▶ **INPUT FOR THIS TASK**:
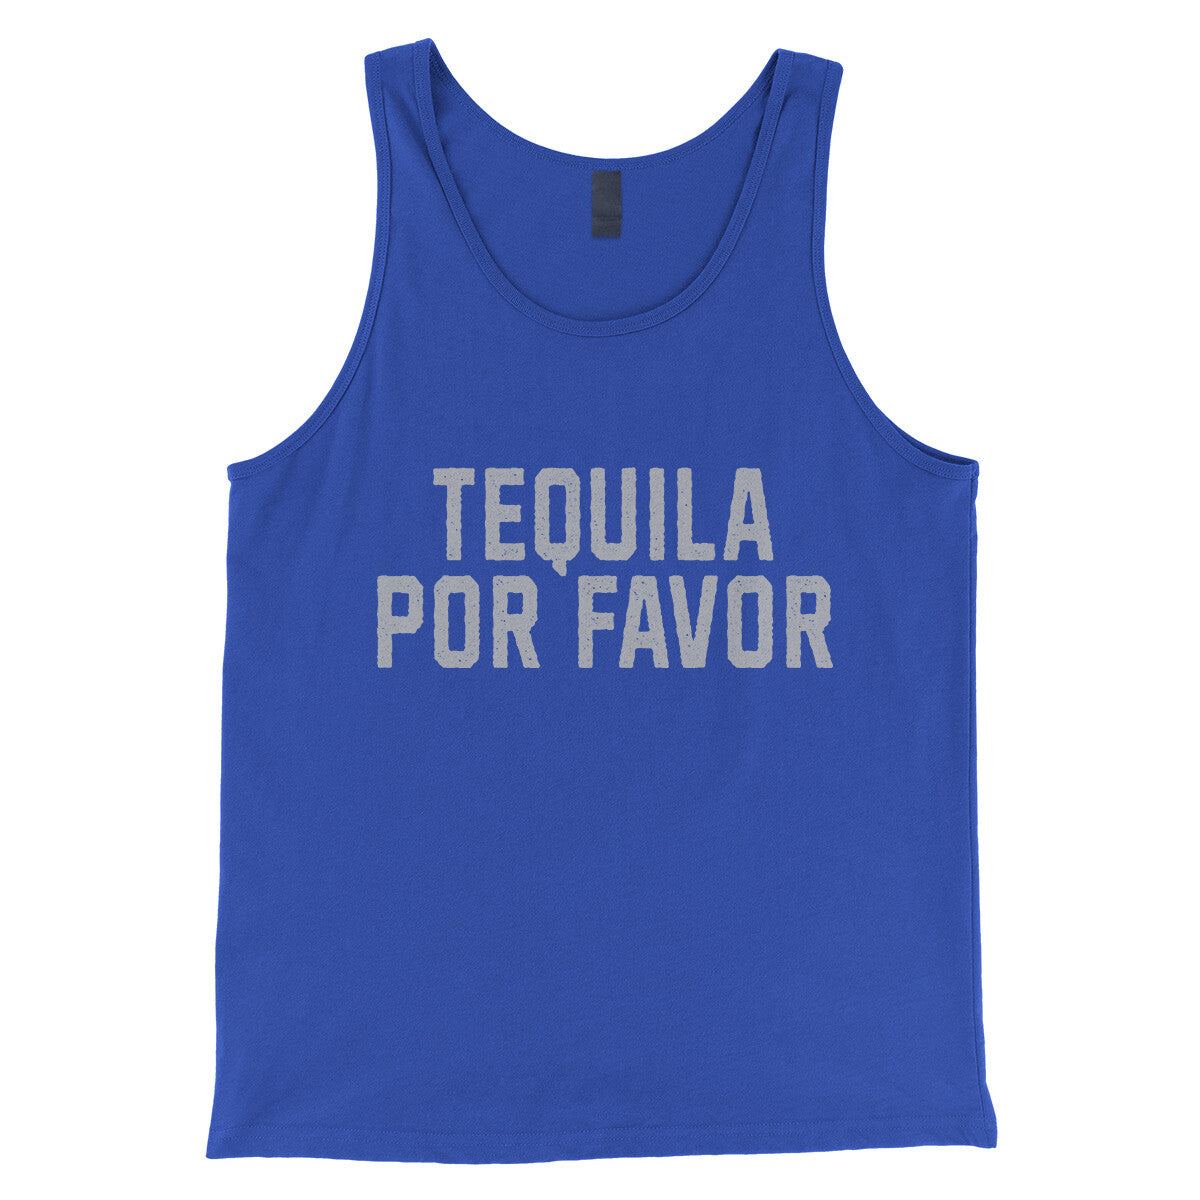 Tequila Por Favor in True Royal Color
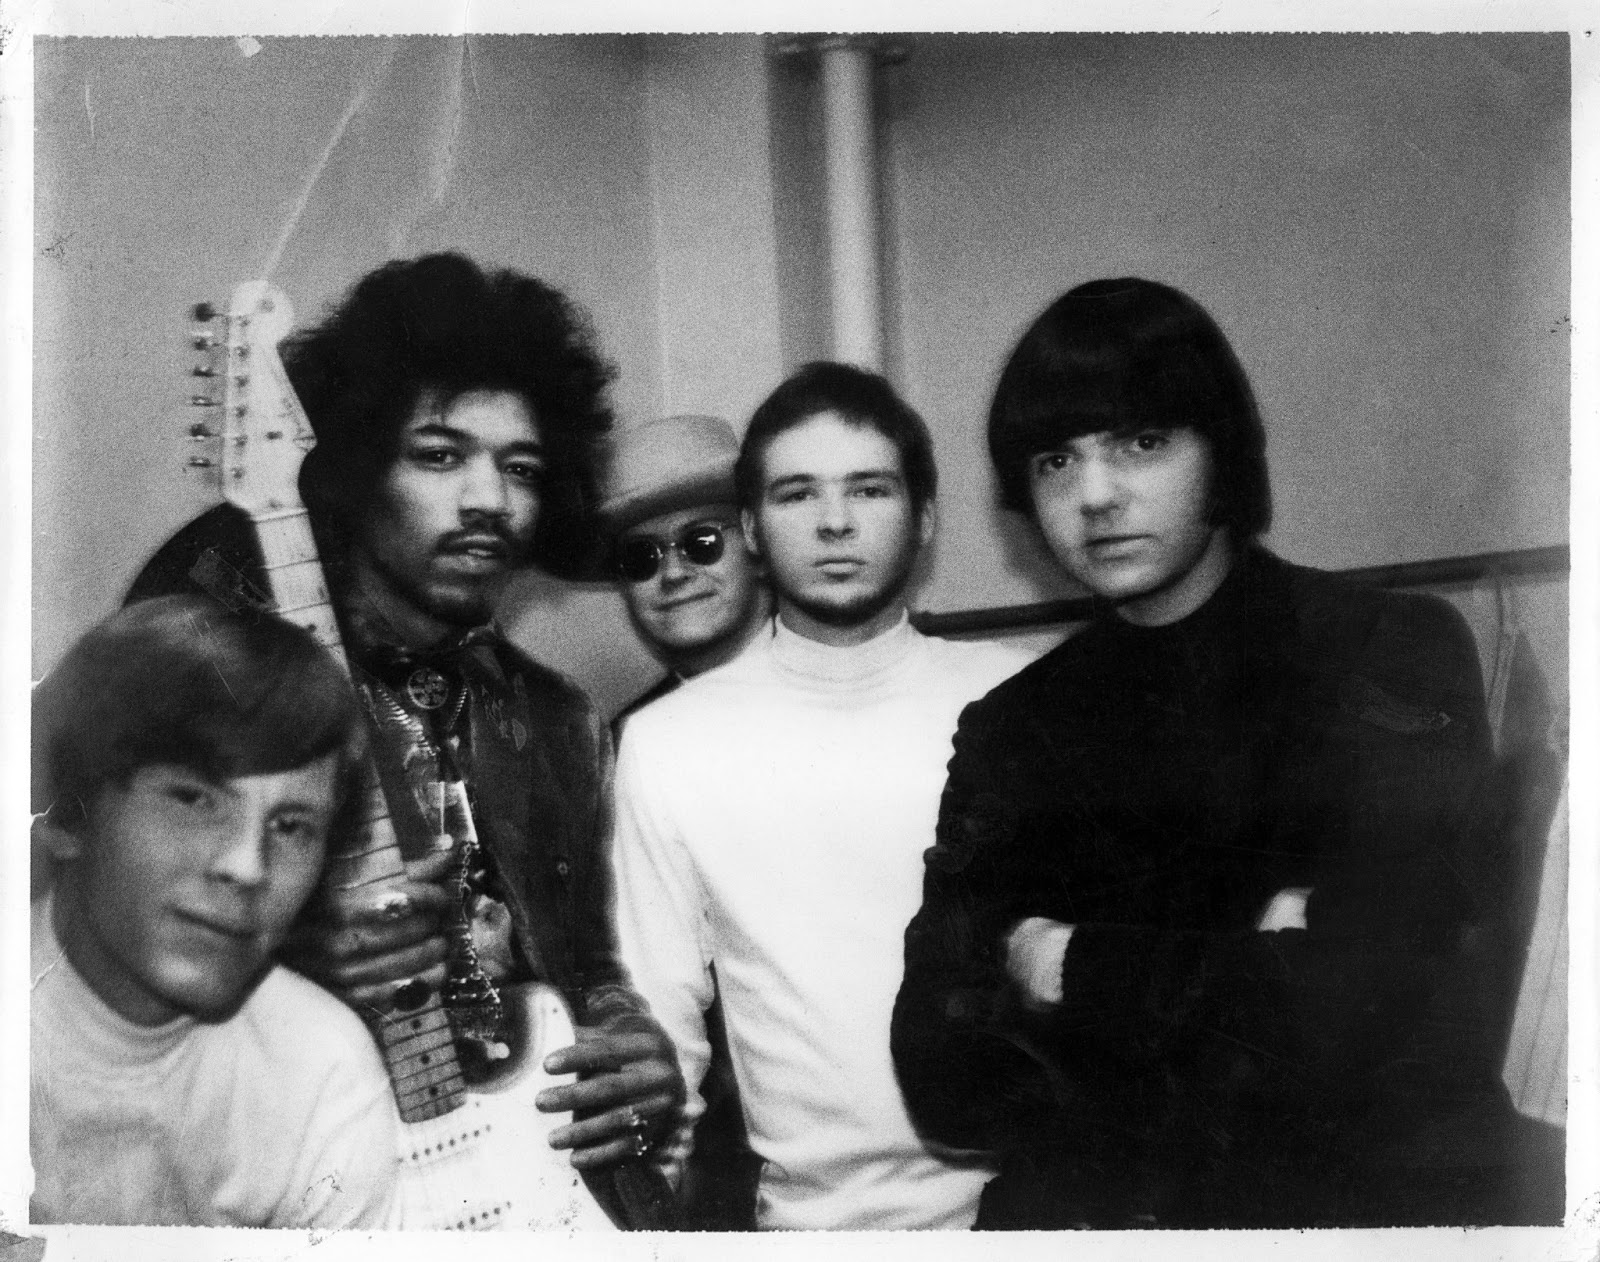 ++1A.+Hendrix.Sidewalks-1968.jpg
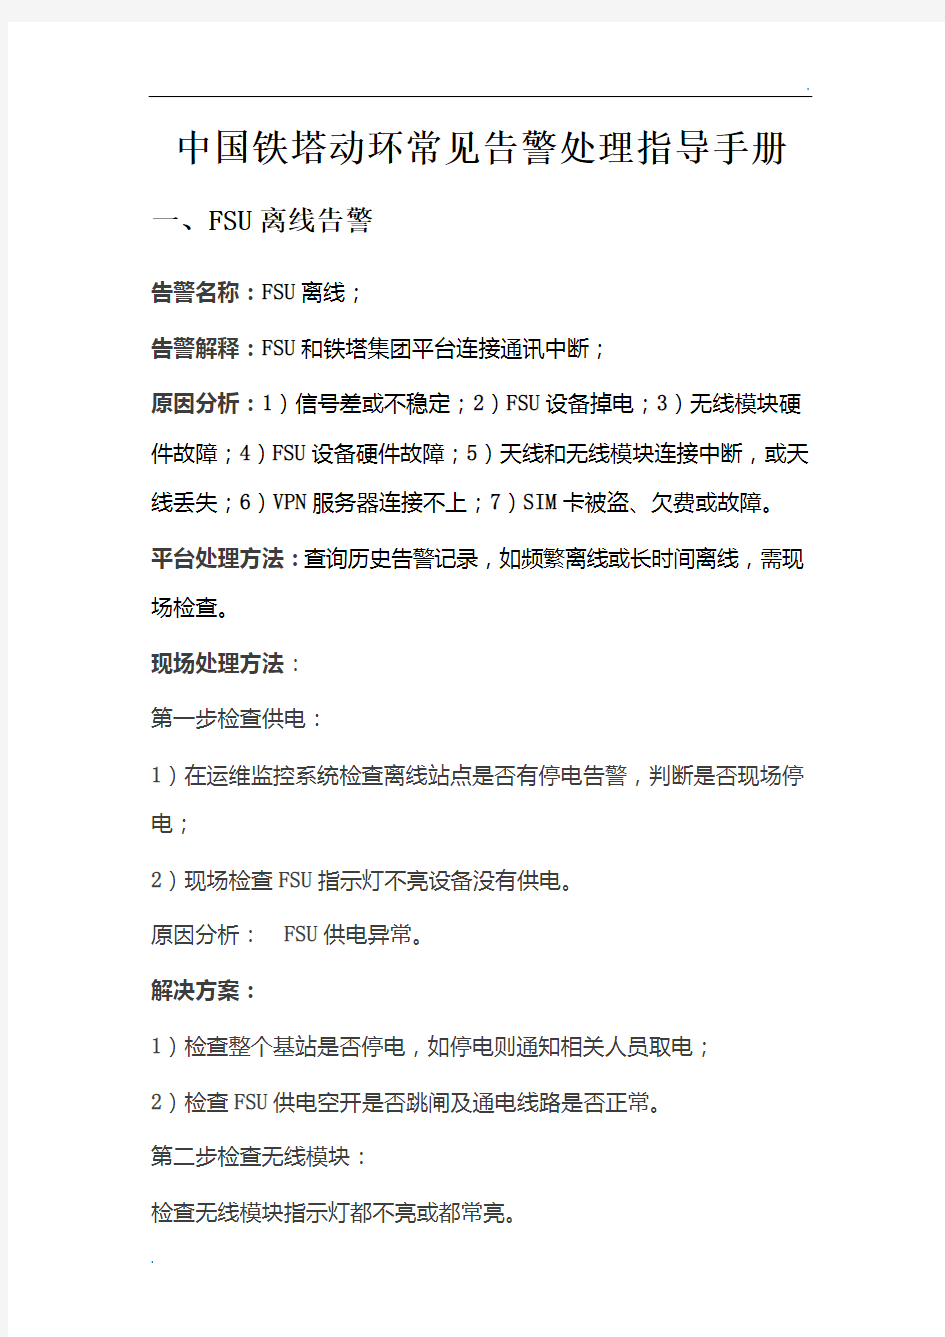 中国铁塔动环常见告警处理指导手册
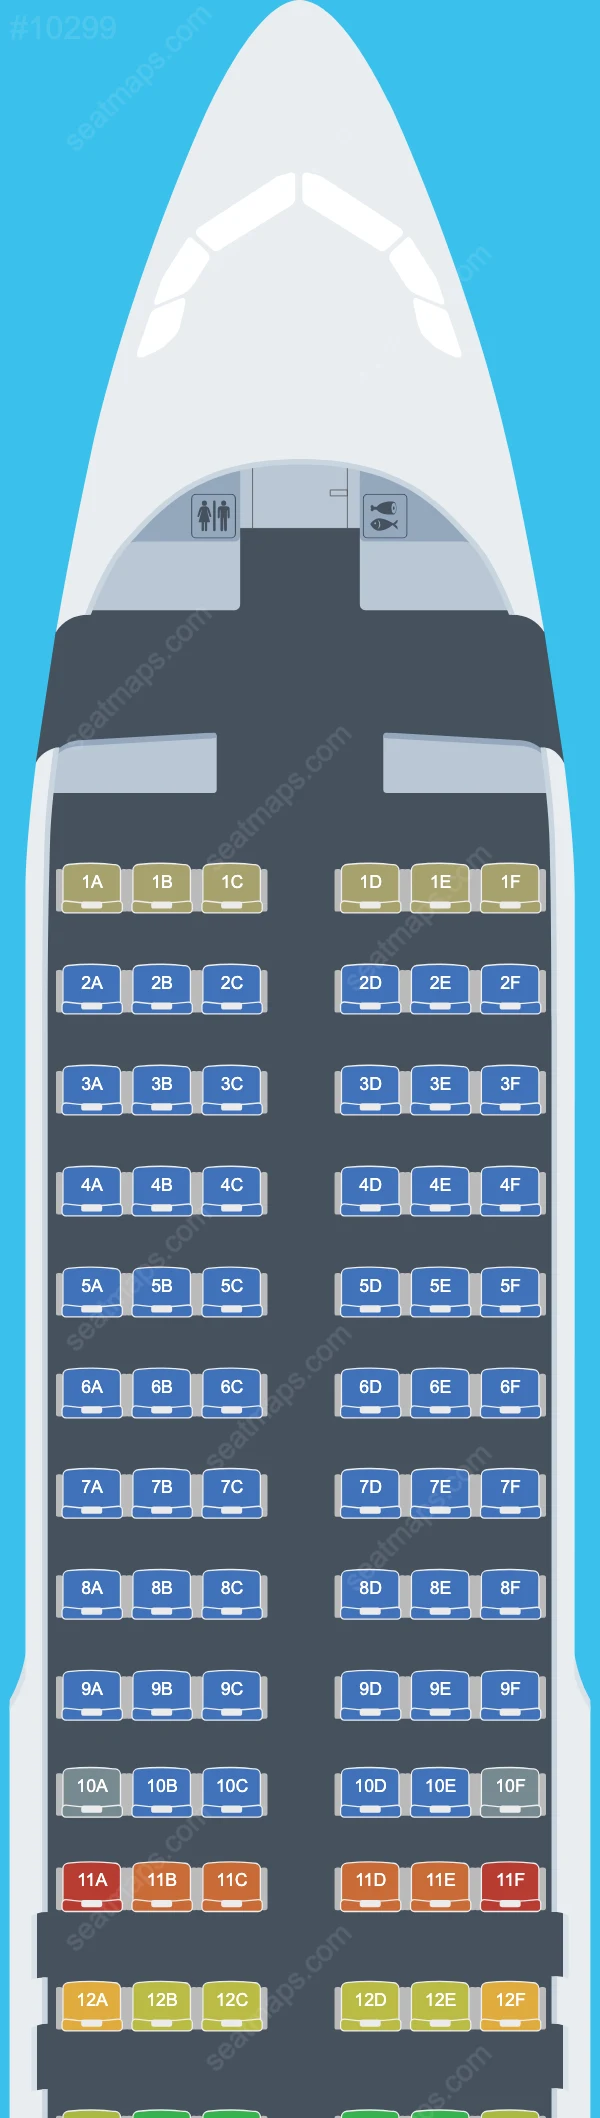 LATAM Airlines Peru Airbus A320 Seat Maps A320-200 V.1
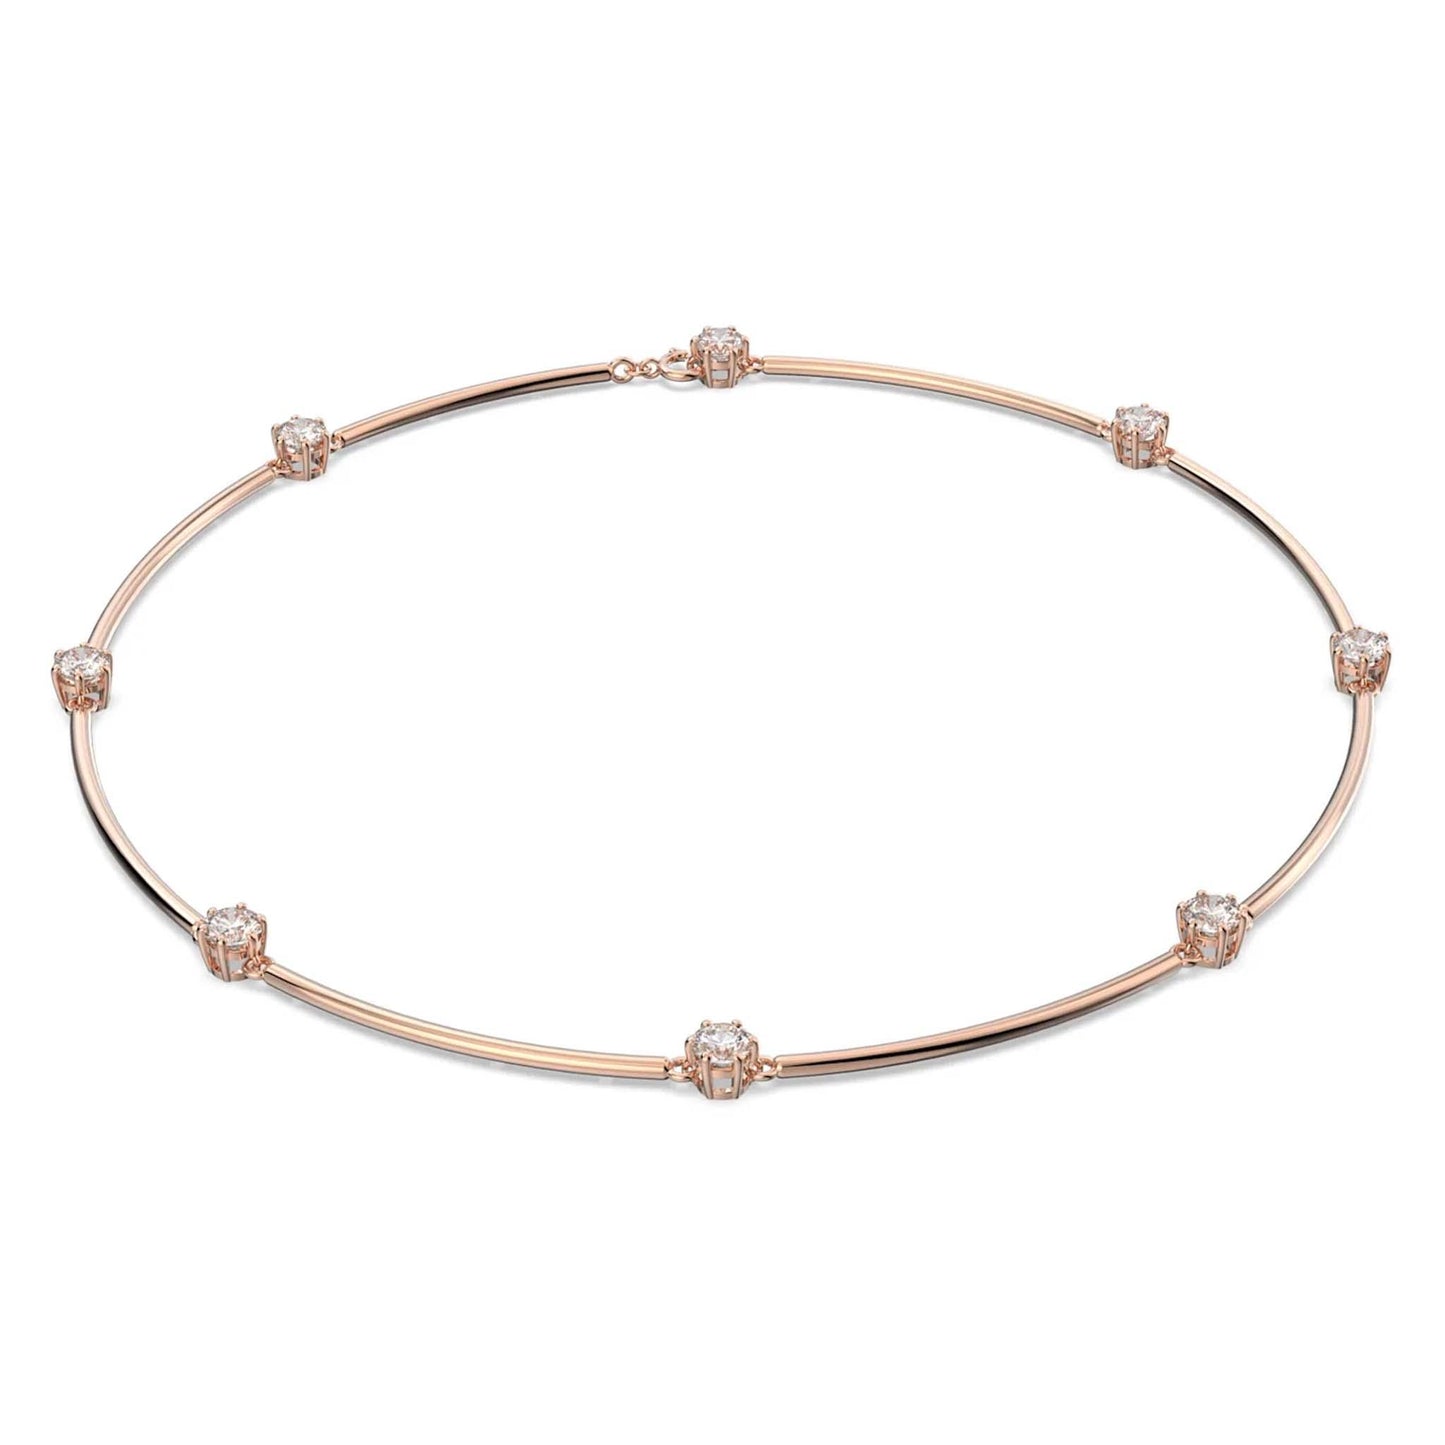 Constella necklace - Cosmos Boutique New Jersey

▶ **WHAT IS BEING ASKED**: The answer must repeat every record exactly, with all pictures left out.

▶ **ANSWER SECTION**:
 Tequila Por Favor in True Royal Color
 ++1A.+Hendrix.Sidewalks-1968.jpg
 中国铁塔动环常见告警处理指导手册
 LATAM Airlines Peru Airbus A320 Seat Maps A320-200 V.1
 Constella necklace - Cosmos Boutique New Jersey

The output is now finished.